Electronics 1b - Diodes as rectifiers Flashcards
What is Half-wave rectification?
When a diode is connected in series with an AC power supply, only allowing the positive voltage (converting it to DC), this creates a fluctuating voltage output but one that is only positive.
This voltage output is slighly lower by 0.7V as the diode requires 0.7V across to allow current flow.
What is full-wave rectification?
When four diodes are connected into a specific configuration to allow current to flow in both the positive and negative output of the AC power supply, however the output voltage is also only positive (converted to DC).
There is a slight drop in the output voltage as two diodes in each direction are required so 0.7V + 0.7V = 1.4V drop from origional AC voltage supply.
The output voltage still fluctuates from 0 to Vout, but now the frequency has doubled compared to input frequency
How do we smooth and reduce ripples in the output voltage for a full or half-wave rectifier?
Add a smoothing capacitor that is parallel to the load.
This means that there is a minor reduction but Vout doesn’t entirely go back to 0 volts.
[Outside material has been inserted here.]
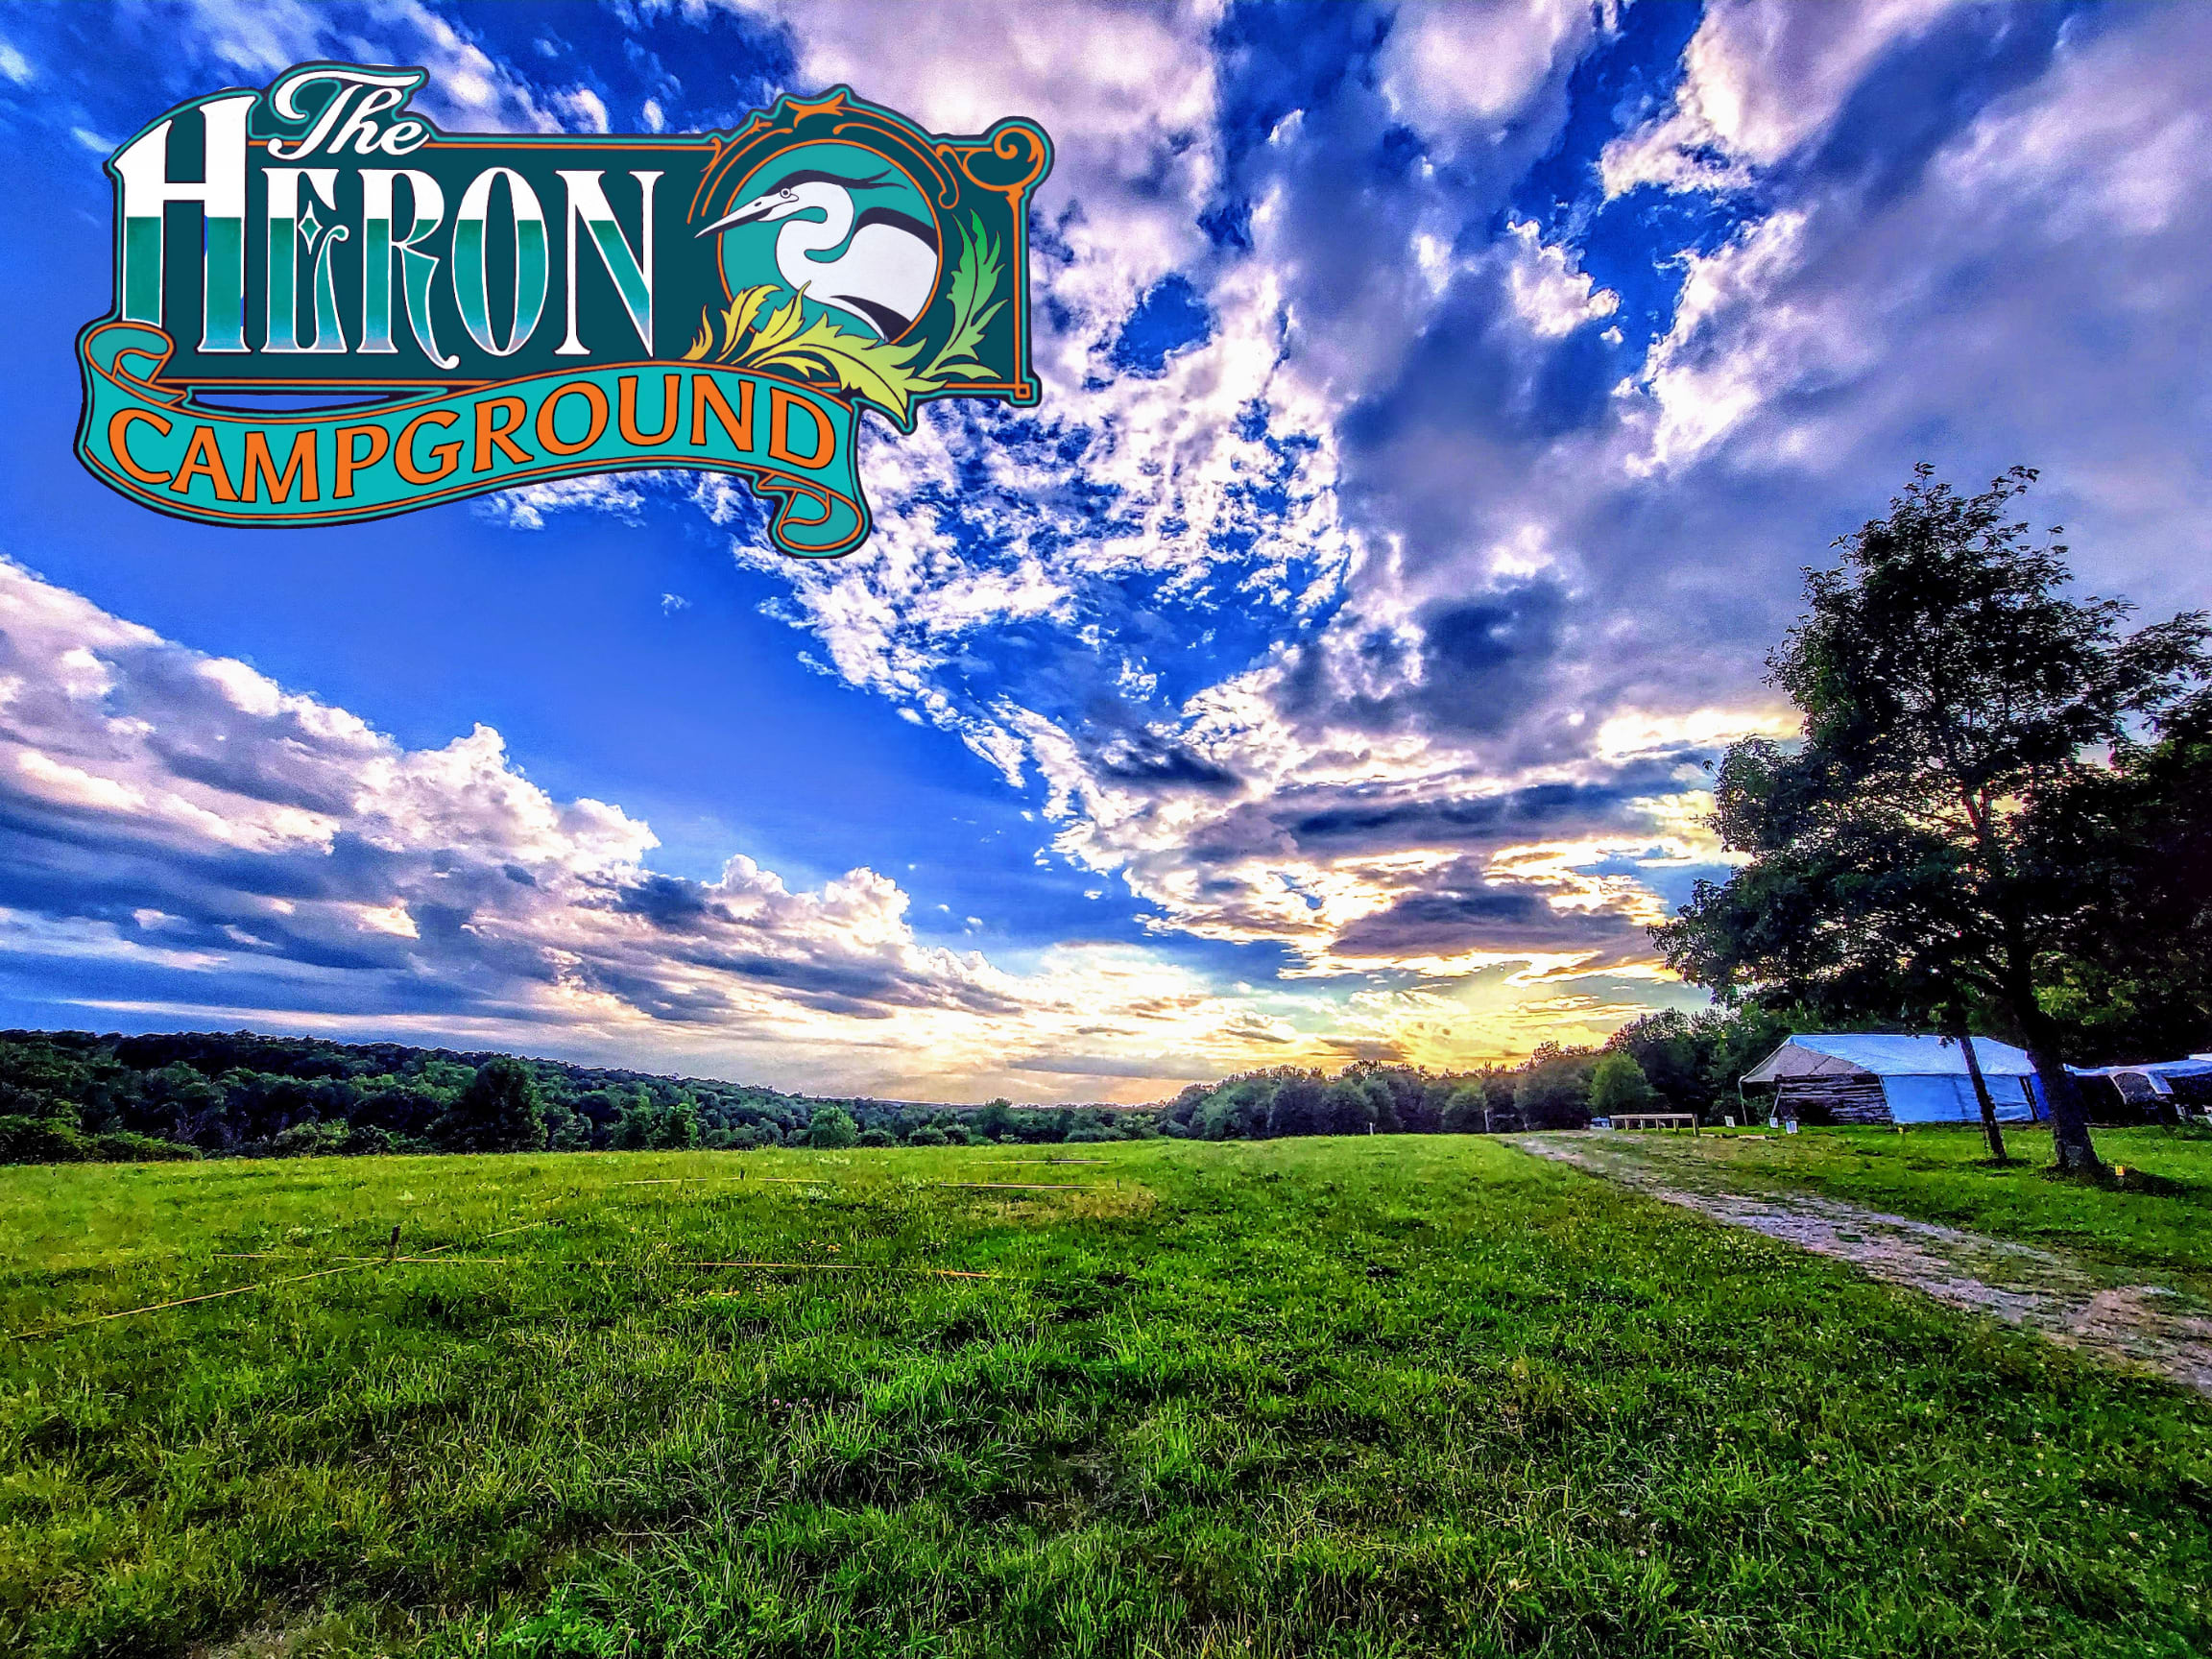 The Heron Electric RV Camping

This difference in the voltage at its peak and when it at its lowest once discharging throught the load is the ripple voltage amount
How do we calculate the ripple voltage (ΔV) and the average voltage in the full-wave rectifier with a smoothing capacitor?
ΔV = i(DC) / 2fC
Vavg = Vp = i(DC) / 4fC
How do we calculate the value of the smoothing capacitor required for a half-wave rectifier?
Since the output frequency is the same as the AC frequency, then we need to increase the capacitor value by a factor of 2.